The three ultimately meet at the Brown Derby restaurant in Hollywood.

=== Act ll ===
Huxley, Grant, and Luce gather at Luce's estate in Malibu, where they proceed on LSD trips with Gerald Heard as their guide.

== Cast ==

| Character | Broadway (2021) |
|---|---|
| Aldous Huxley | Harry Hadden-Paton |
| Maria Huxley | Laura Shoop |
| Gerald Heard | Robert Sella |
| Cary Grant | Tony Yazbeck |
| Dr. Harris/Father | Nehal Joshi |
| Archie Leach | Atticus Ware |
| Clare Boothe Luce | Carmen Cusack |
| Ann Brokaw/Judith | Kanisha Marie Feliciano |
| Austin/Handmaiden | Michele Ragusa |
| Rosalia/Sophia Loren | Emily Pynenburg |

==Musical numbers==
Source: Playbill

- Act I
- "The Music Plays On" - Company
- "Bella Donna Di Agonia" - Judith, Handmaiden, Aldous
- "Wondrous" - Aldous
- "Bella Donna Di Agonia" (Reprise) - Aldous
- "I Have It All" - Cary
- "Funny Money" - Archie, Cary, Father
- "A Sapphire Dragonfly" - Clare, Ann, Austin
- "Someone" - Clare
- "Flying Over Sunset" - Clare, Gerald, Ann, Austin
- "Flying Over Sunset" (Reprise) - Clare, Aldous, Gerald, Cary, Company

- Act II
- "Om" - Gerald, Clare, Aldous, Cary
- "Huxley Knows" - Clare, Cary, Aldous
- "My Mother and I" - Clare, Cary, Gerald, Archie, Father, Ann, Austin
- "The Music Plays On" (Reprise) - Aldous, Maria
- "I Like to Lead" - Sophia, Cary
- "Rocket Ship" - Cary
- "An Interesting Place" - Austin, Ann, Clare
- "If Only I'd Known" - Clare, Austin, Ann
- "How?" - Clare
- "Three Englishmen" - Cary, Gerald, Aldous
- "The Melancholy Hour" - Maria, Ann, Austin, Archie, Father, Rosalia
- "The 23rd Ingredient" - Clare, Cary, Aldous, Gerald
- "Bella Donna Di Agonia" (2nd Reprise) - Judith, Handmaiden

== Reception ==
The show received mixed to negative reviews from critics, including AmNY, The New York Times, Theatrely, and Timeout. Generally, critics tended to dislike the book and music, while praising the show's cast, technical effects, set, sound design, and choreography.

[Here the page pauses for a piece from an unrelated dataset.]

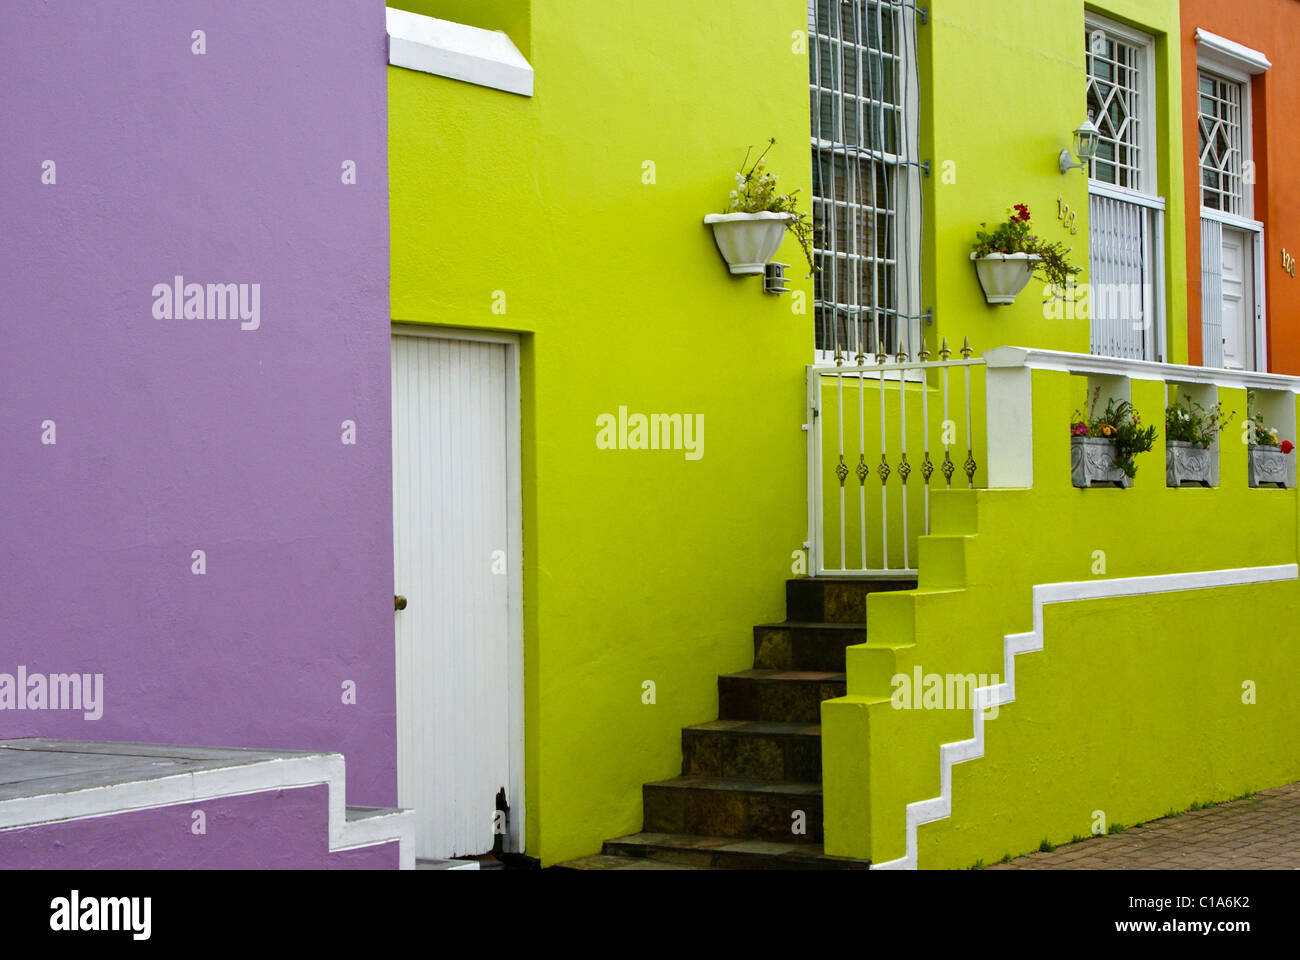 Bo-Kaap Malay Quarter, Cape Town, Western Cape, South Africa Stock Photo

==Awards and nominations==

===Original Broadway production===

| Year | Award Ceremony | Category | Nominee | Result | Ref. |
| 2022 | Tony Awards | Best Actress in a Musical | Carmen Cusack | Nominated |  |
| Best Original Score | Tom Kitt and Michael Korie | Nominated |
| Best Scenic Design of a Musical | Beowulf Boritt and 59 Productions | Nominated |
| Best Lighting Design of a Musical | Bradley King | Nominated |
| Drama Desk Awards | Outstanding Scenic Design of a Musical | Beowulf Boritt | Won |  |
| Outstanding Lighting Design for a Musical | Bradley King | Won |
| Outstanding Projection Design | 59 Productions | Won |
| Outer Critics Circle Awards | Outstanding Actress in a Musical | Carmen Cusack | Nominated |  |
| Outstanding Scenic Design | Beowulf Boritt | Nominated |
| Outstanding Lighting Design | Bradley King | Nominated |
| Outstanding Video/Projection Design | 59 Productions and Benjamin Pearcy | Nominated |
| Chita Rivera Awards | Outstanding Male Dancer in a Broadway Show | Tony Yazbeck | Nominated |  |

Flying Over Sunset tied with MJ the Musical for the Drama Desk Award for Outstanding Lighting Design for a Musical.